◆ **Data section**:
========================================

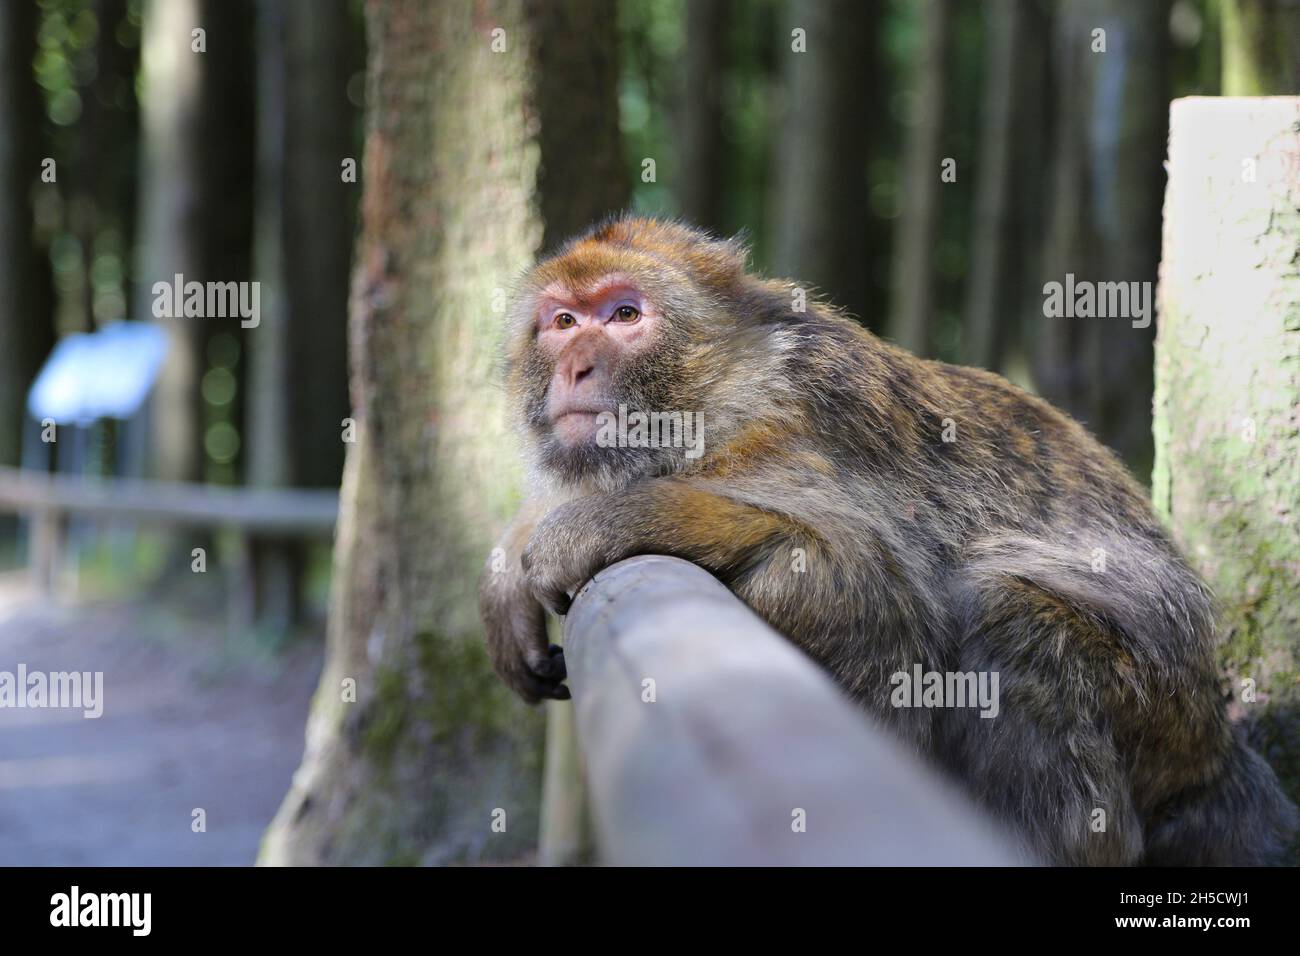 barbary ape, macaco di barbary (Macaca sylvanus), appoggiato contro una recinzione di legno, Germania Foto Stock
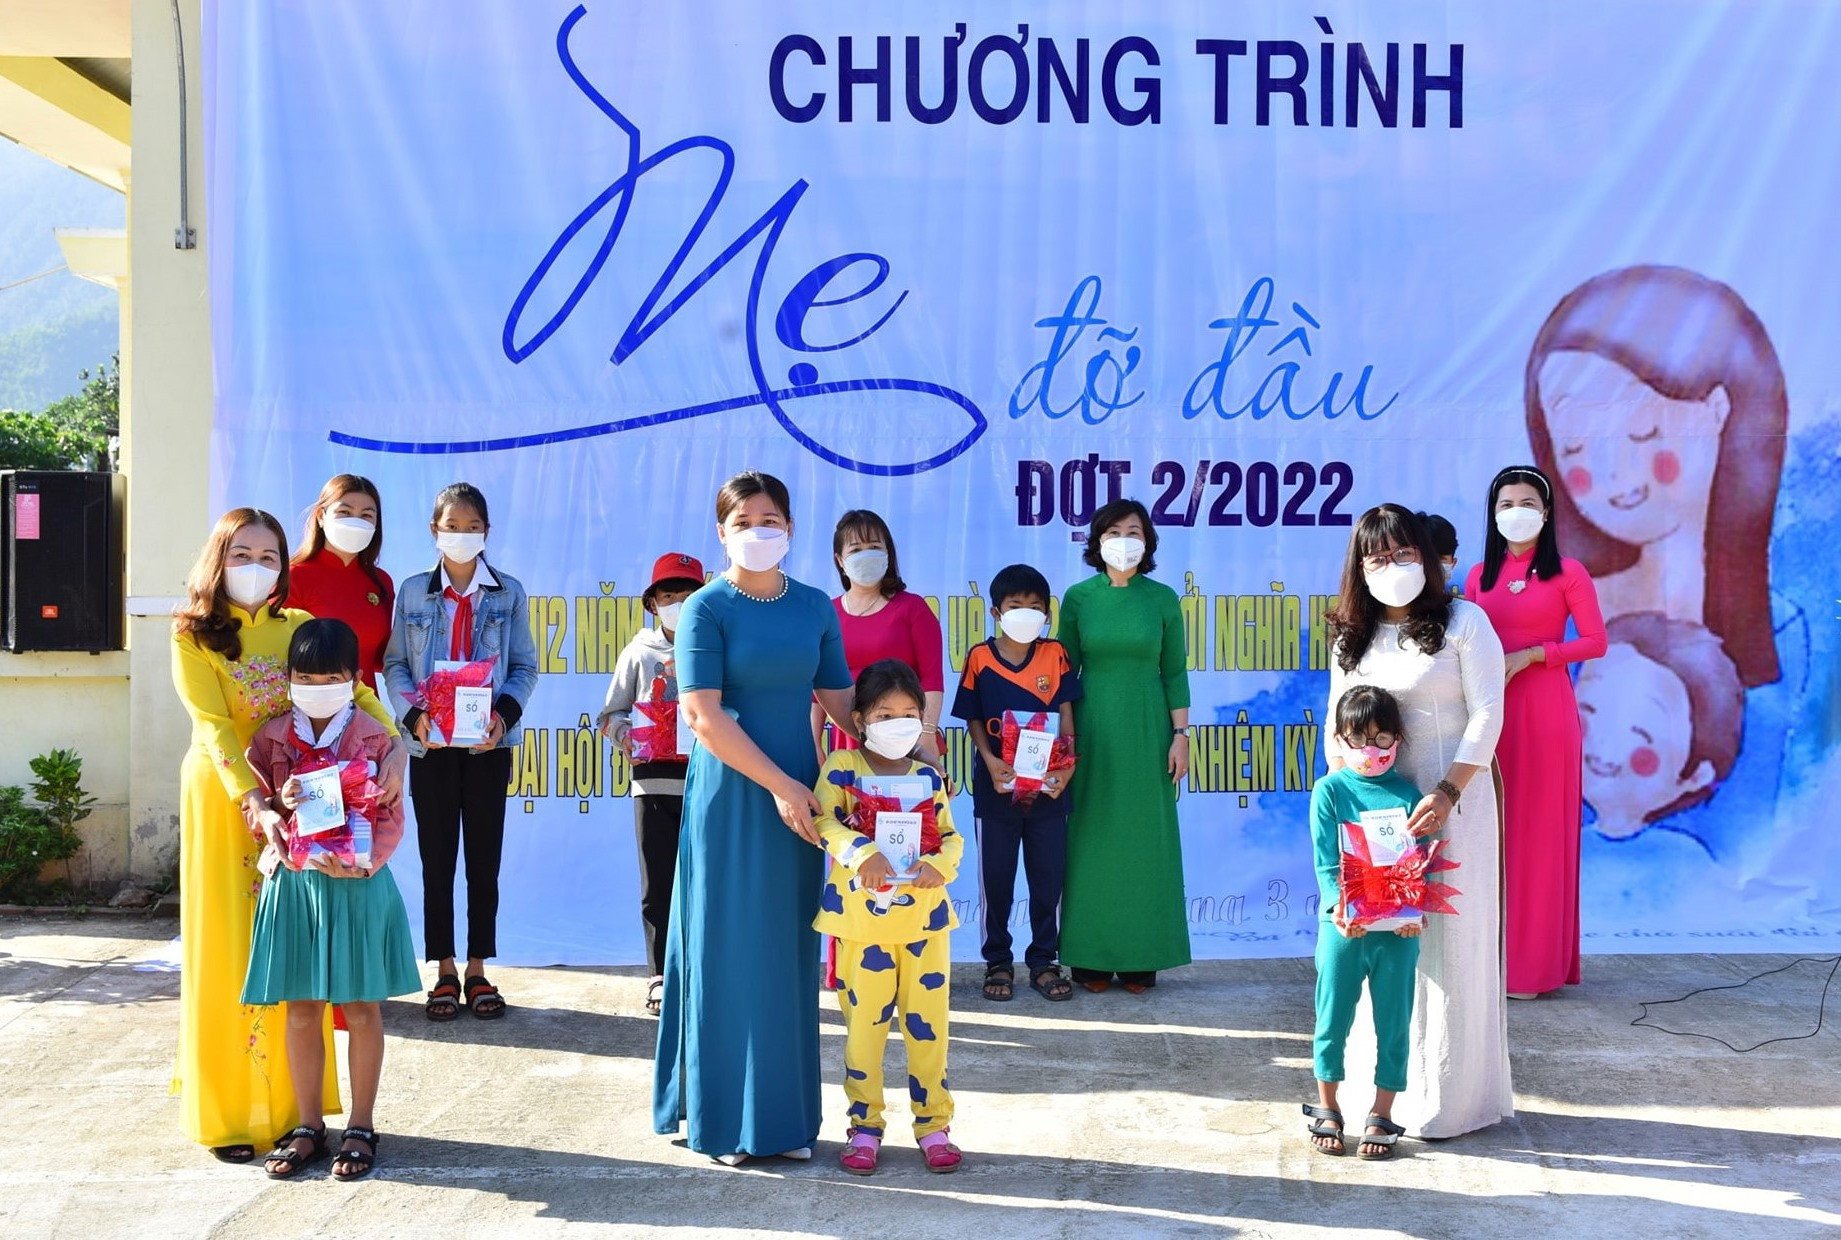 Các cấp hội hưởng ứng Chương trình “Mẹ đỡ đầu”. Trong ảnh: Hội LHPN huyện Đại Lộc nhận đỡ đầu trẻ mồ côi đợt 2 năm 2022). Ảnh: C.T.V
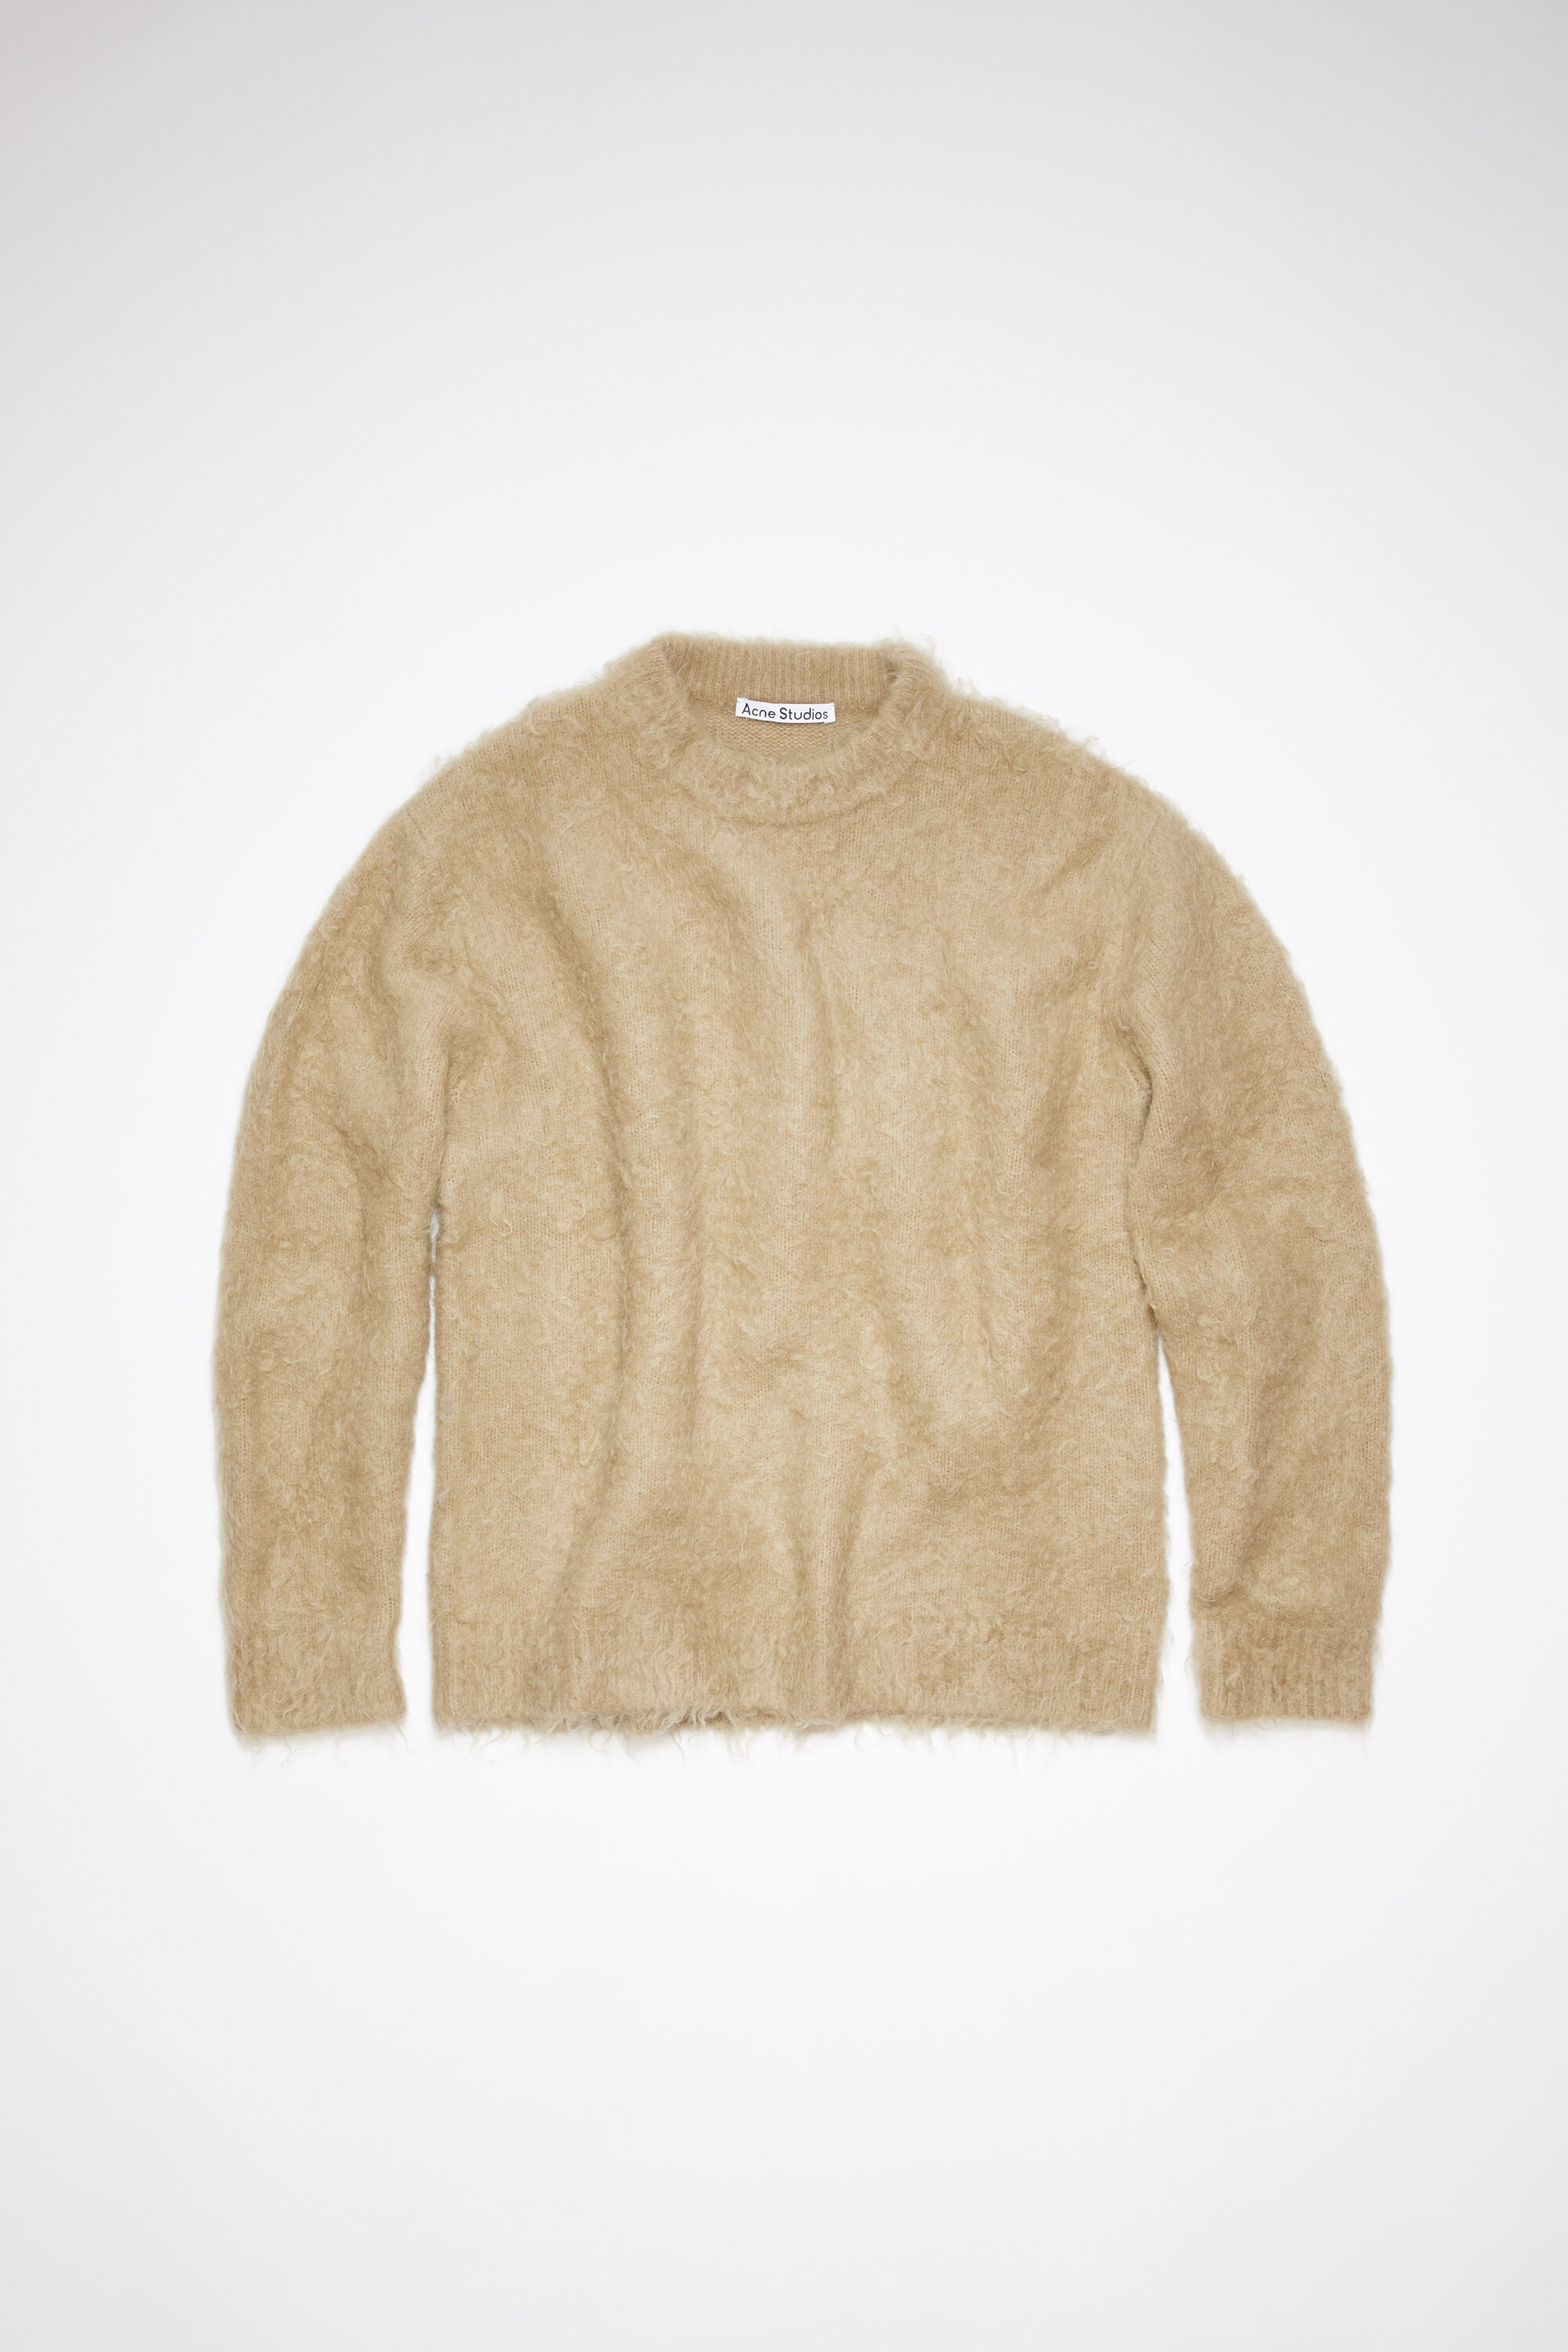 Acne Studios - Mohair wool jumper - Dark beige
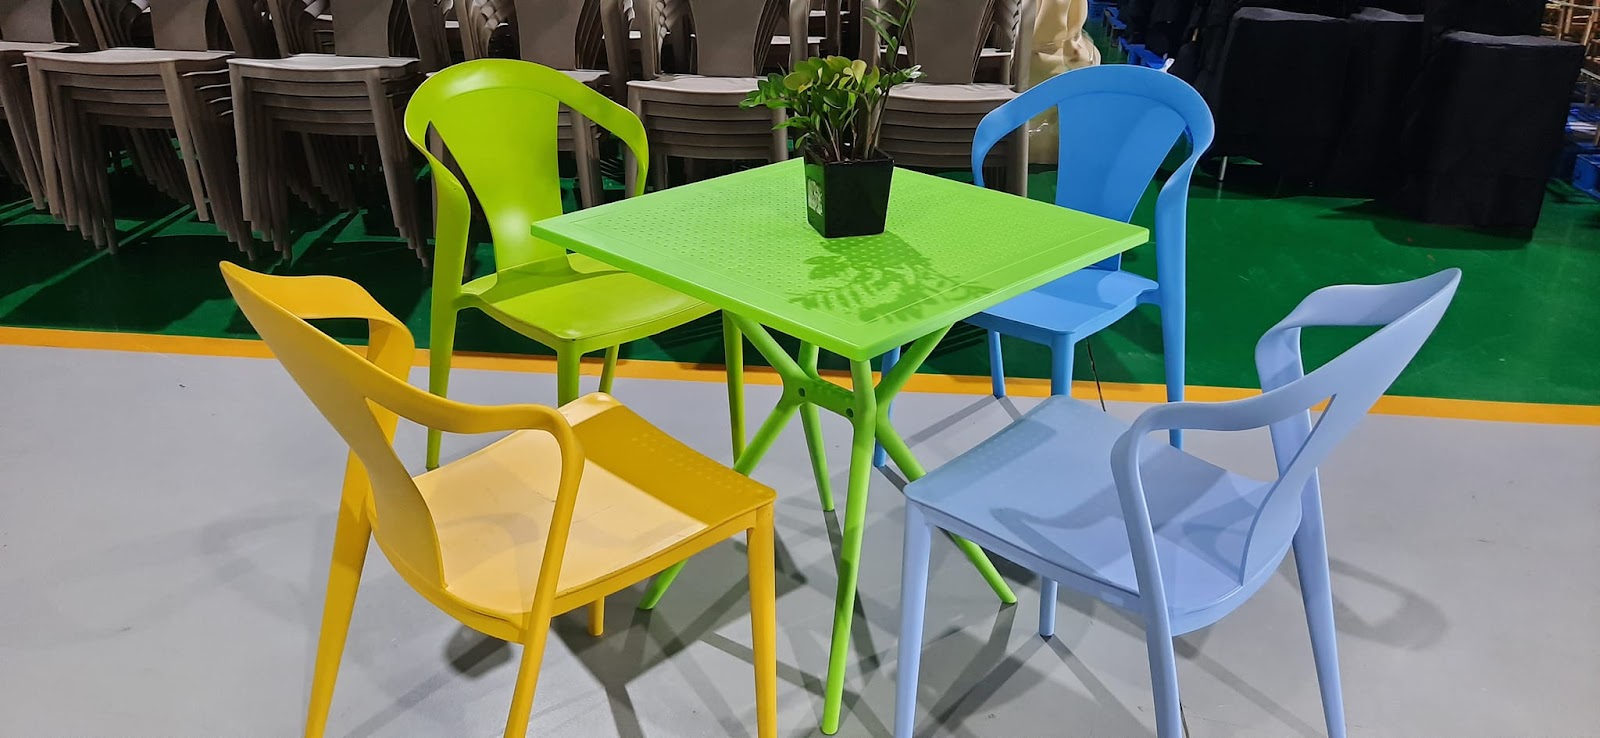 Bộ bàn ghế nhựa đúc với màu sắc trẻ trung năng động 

========================================

◆ **What the exercise asks**: Each line of the data should be printed again exactly. Please leave pictures out.

◆ **Response area**:
 barbary ape, macaco di barbary (Macaca sylvanus), appoggiato contro una recinzione di legno, Germania Foto Stock
 Các cấp hội hưởng ứng Chương trình “Mẹ đỡ đầu”. Trong ảnh: Hội LHPN huyện Đại Lộc nhận đỡ đầu trẻ mồ côi đợt 2 năm 2022). Ảnh: C.T.V
 Acne Studios - Mohair wool jumper - Dark beige
 Bộ bàn ghế nhựa đúc với màu sắc trẻ trung năng động 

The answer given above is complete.